Henry was still staggering a bit as he made his way to the bathroom. For several minutes he splashed cold water onto his face, and when his eyes could focus, he studied himself in the mirror. Maybe he was imagining it but his left pupil looked larger than his right. He grimaced as he gingerly touched the area above his ear where she had hit him and could feel how swollen the lump had already gotten. That waitress had clocked him pretty good, he had to give her credit for that.
Henry found a bottle of extra-strength Tylenol in the medicine cabinet, spilled several tablets into his palm, and made a face as he stared at them. He was nauseous and wasn’t sure he’d be able to keep the Tylenol down, but he swallowed the tablets anyway. He stood for a moment wishing the room would stop spinning on him, but he knew that wasn’t going to be happening anytime soon. Gritting his teeth, he staggered out of the bathroom and went to the utility room where he found a plastic tarp that he’d used when he painted some of the rooms after they bought the house. He brought the tarp out to where Sheila was sitting and spread it out on the floor.
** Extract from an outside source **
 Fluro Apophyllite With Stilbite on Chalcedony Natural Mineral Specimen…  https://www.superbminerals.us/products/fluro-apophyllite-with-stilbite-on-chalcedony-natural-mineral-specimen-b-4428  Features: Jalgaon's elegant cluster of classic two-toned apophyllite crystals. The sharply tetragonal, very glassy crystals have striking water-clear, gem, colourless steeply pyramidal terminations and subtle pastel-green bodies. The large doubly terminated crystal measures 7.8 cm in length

Then he went back to the attached garage.
He still wasn’t feeling strong enough yet to be able to pick up the waitress, so he dragged her by her feet into the house and onto the tarp. His thinking was still cloudy, and he only then remembered that his gym bag was still in the car, so he had to go back to retrieve it. When he returned, Sheila was staring keenly at the waitress.
“She has to still be alive,” she said in her slow, painful way. “It’s no good if she’s already dead.”
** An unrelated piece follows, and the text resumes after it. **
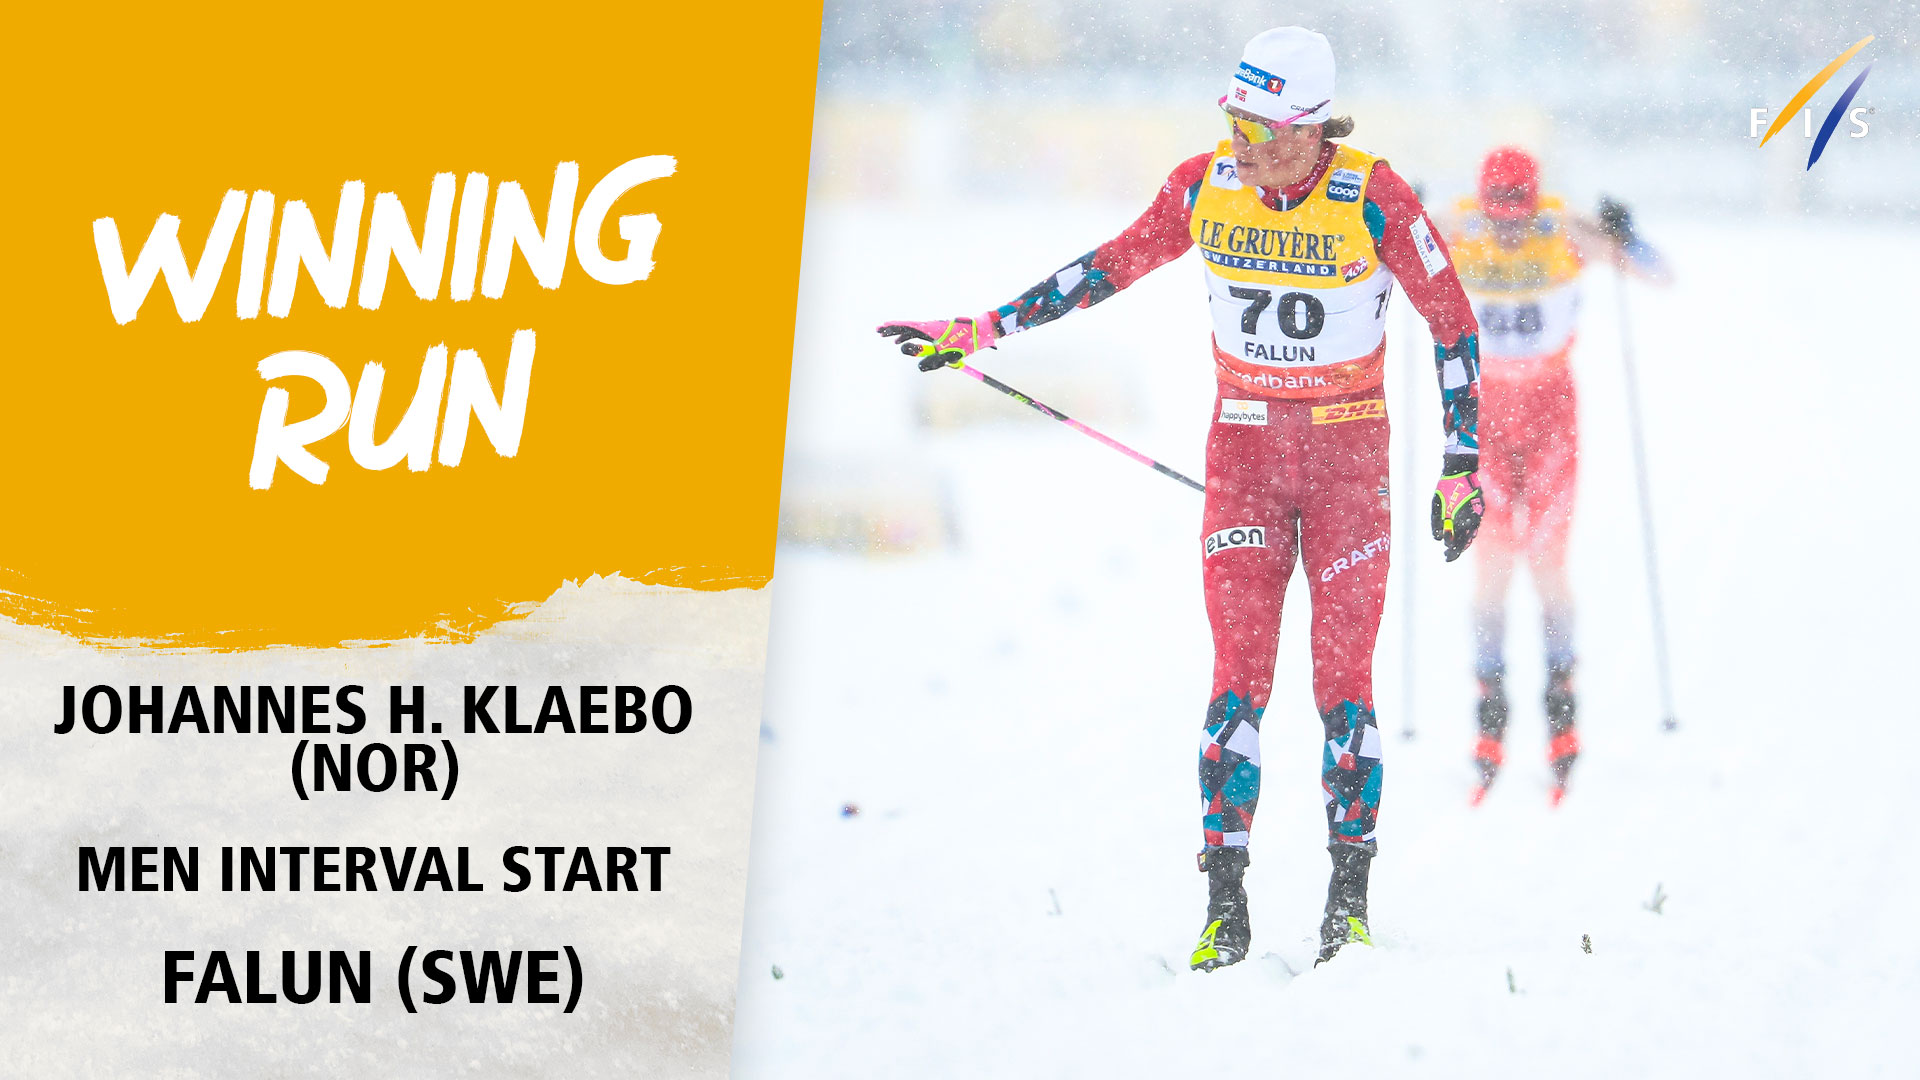 Klaebo put another standout performance in Falun

“She’s alive,” Henry said.
“What did you do to her? Her face is a mess.”
“What I had to.”
“Clean her up. I need to see what she looks like.”
Henry swallowed back the cutting remark he almost let loose. After what he’d been through that night, Sheila was going to be picky about this? But there was no point in arguing with her. He left the room so he could bring back a bucket of warm water, soap, and a washcloth. The waitress stirred slightly as he washed her face, but otherwise was still out of it. Once he had her cleaned off, Sheila nodded her approval.
“Wake her up,” she ordered.
Henry slapped the waitress lightly on her cheek until her eyes fluttered open. Then he rolled her onto her stomach and used the hammer and chisel on her.